---------- Recorded data
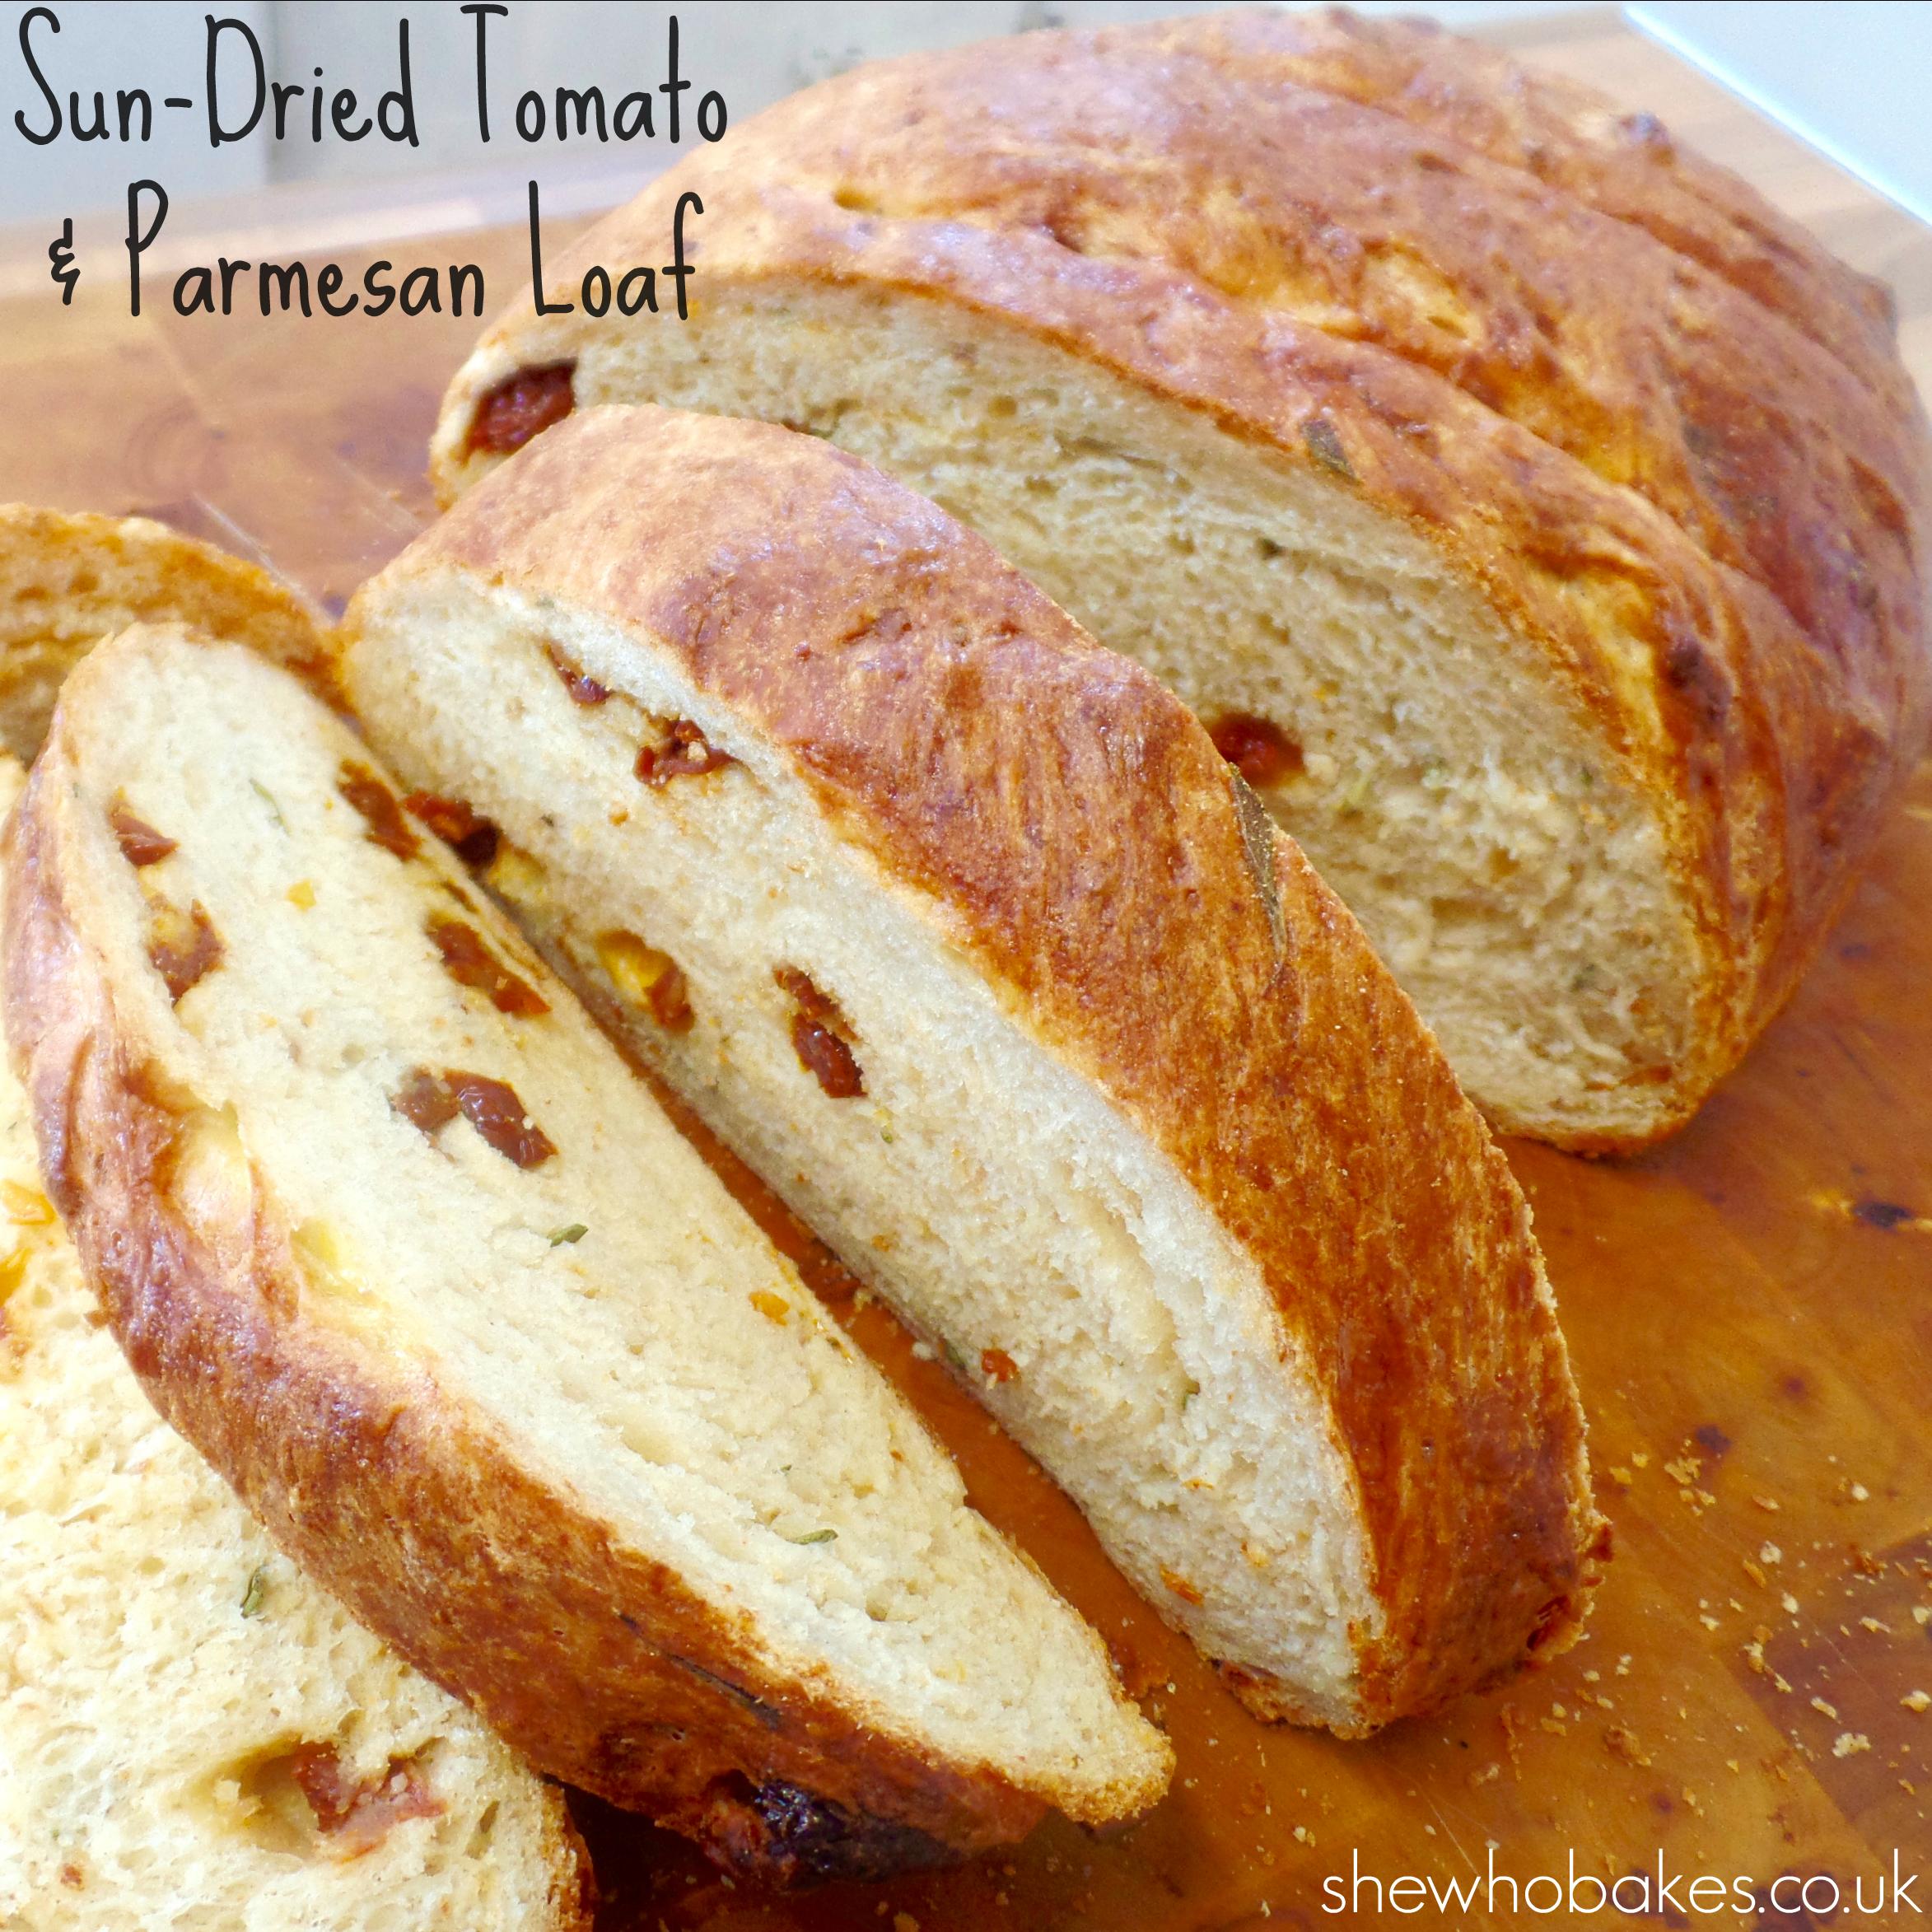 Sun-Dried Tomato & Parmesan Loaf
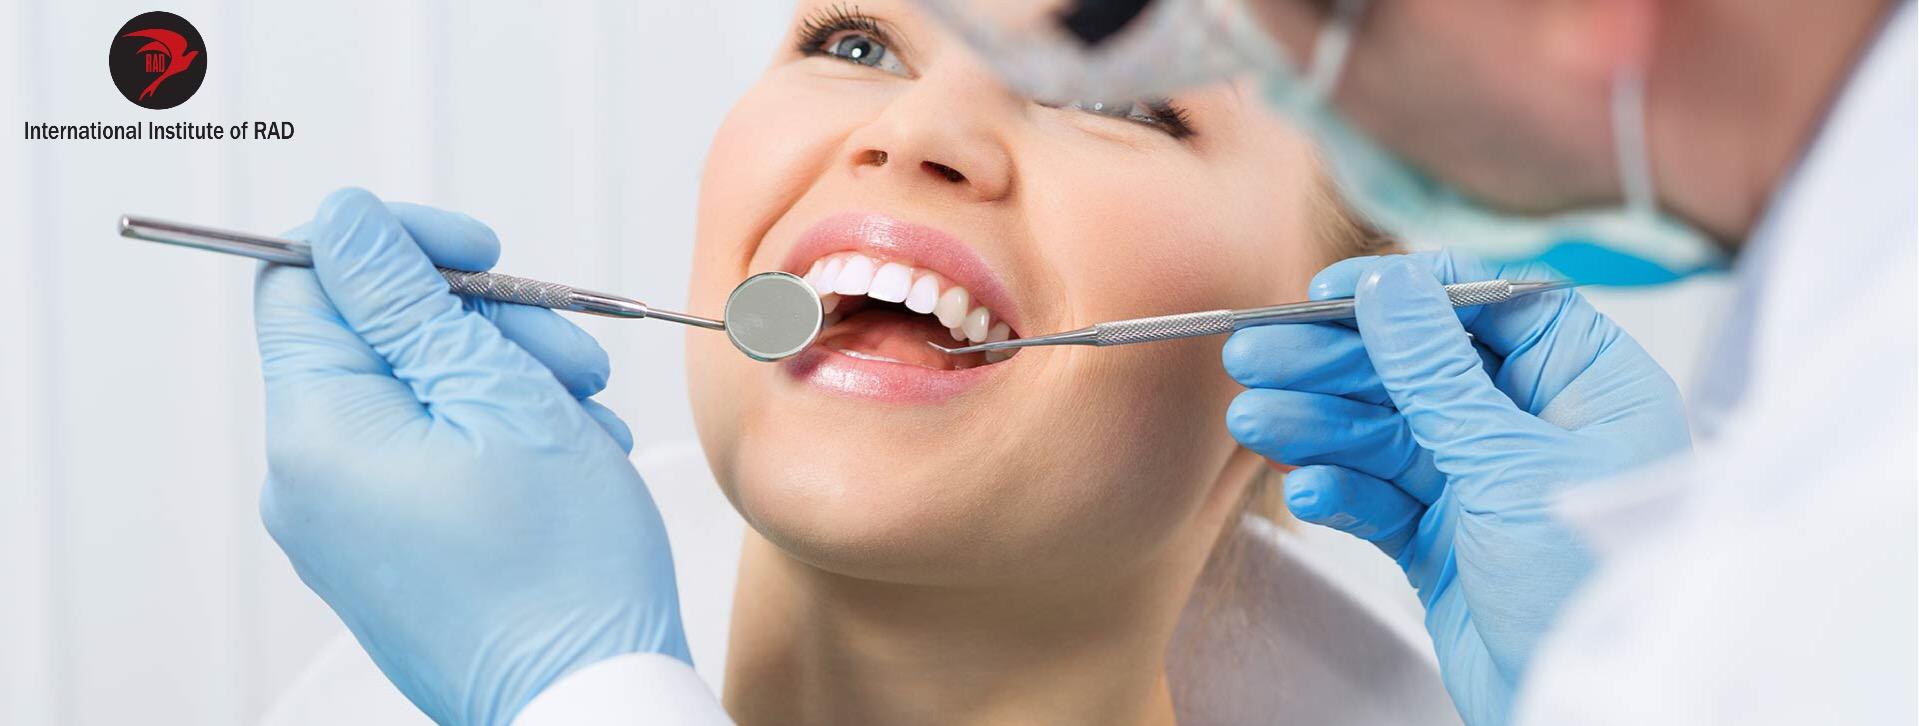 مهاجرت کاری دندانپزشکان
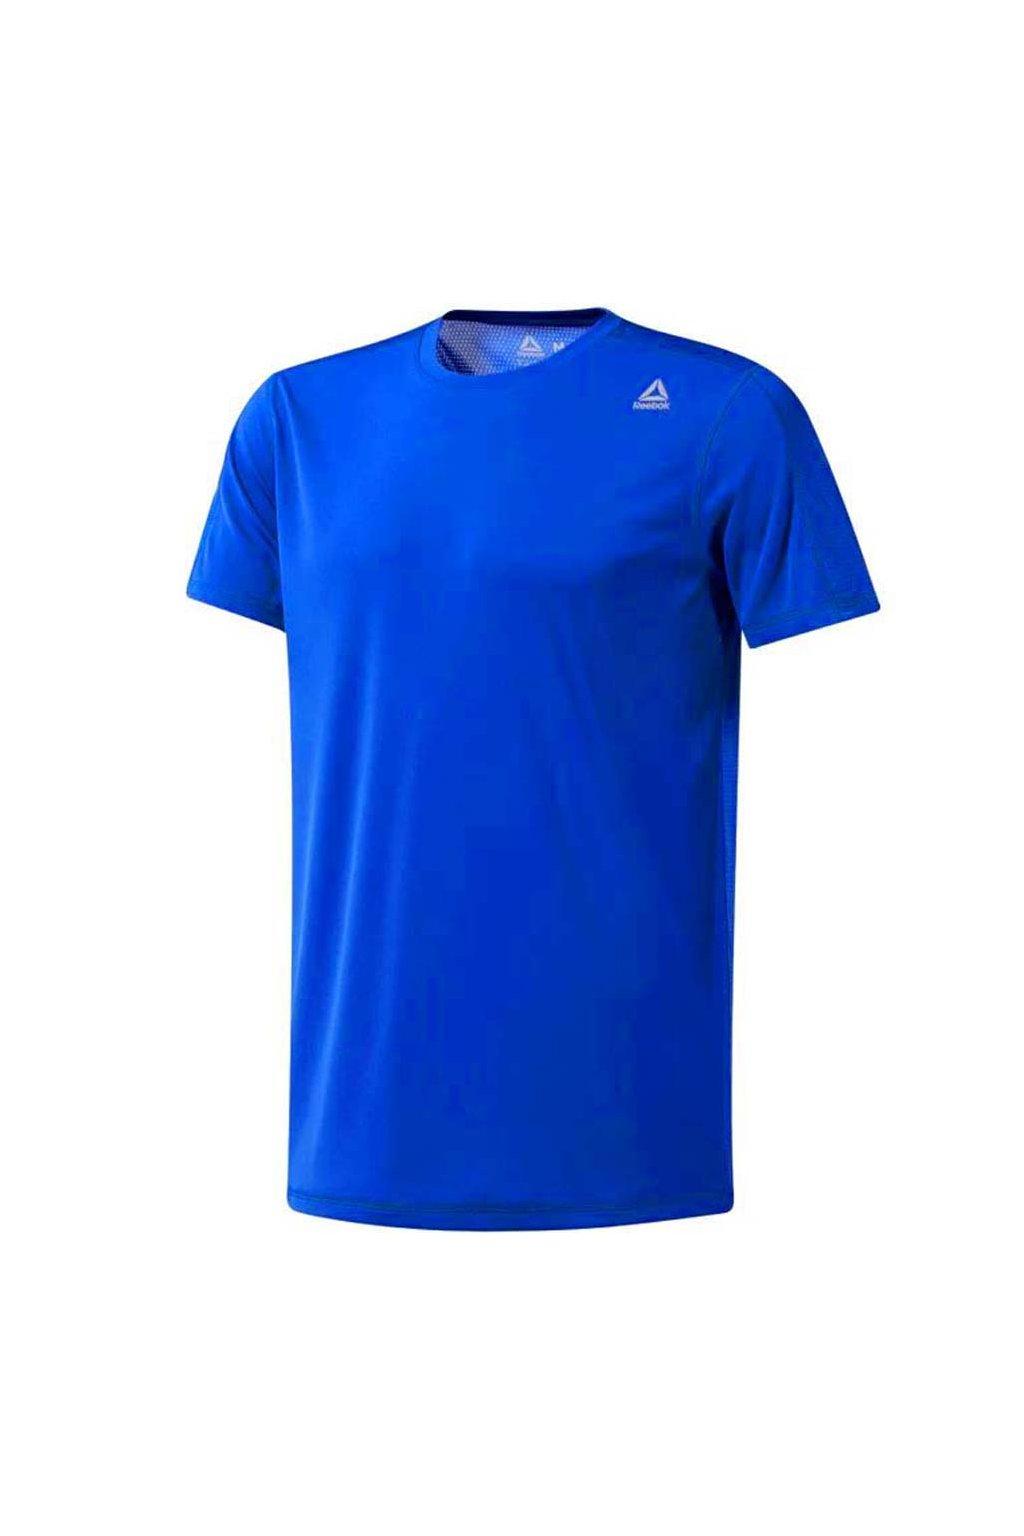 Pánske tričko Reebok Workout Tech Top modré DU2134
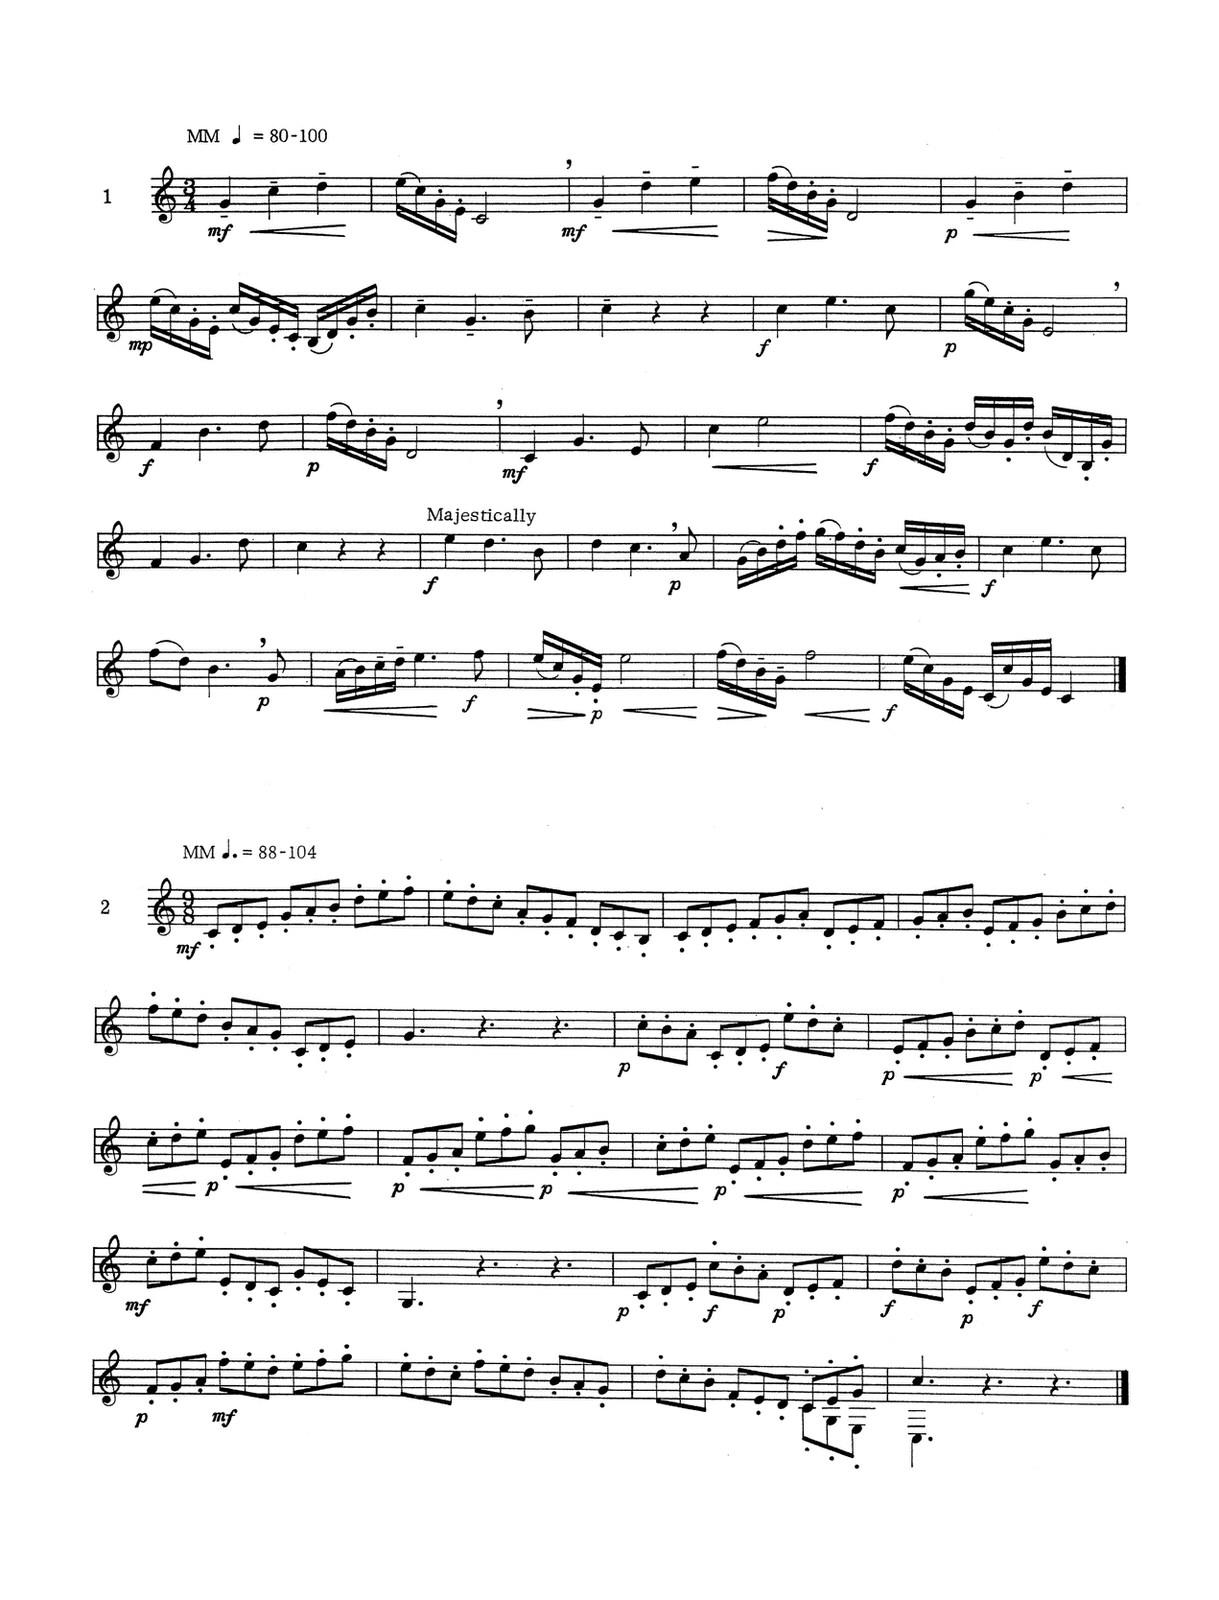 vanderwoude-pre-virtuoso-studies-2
--------------------
*What you have to do*: What you return should match the material word for word, apart from the pictures.

*Output for this task*:
 Sun-Dried Tomato & Parmesan Loaf
 مهاجرت کاری دندانپزشکان
 Pánske tričko Reebok Workout Tech Top modré DU2134
 vanderwoude-pre-virtuoso-studies-2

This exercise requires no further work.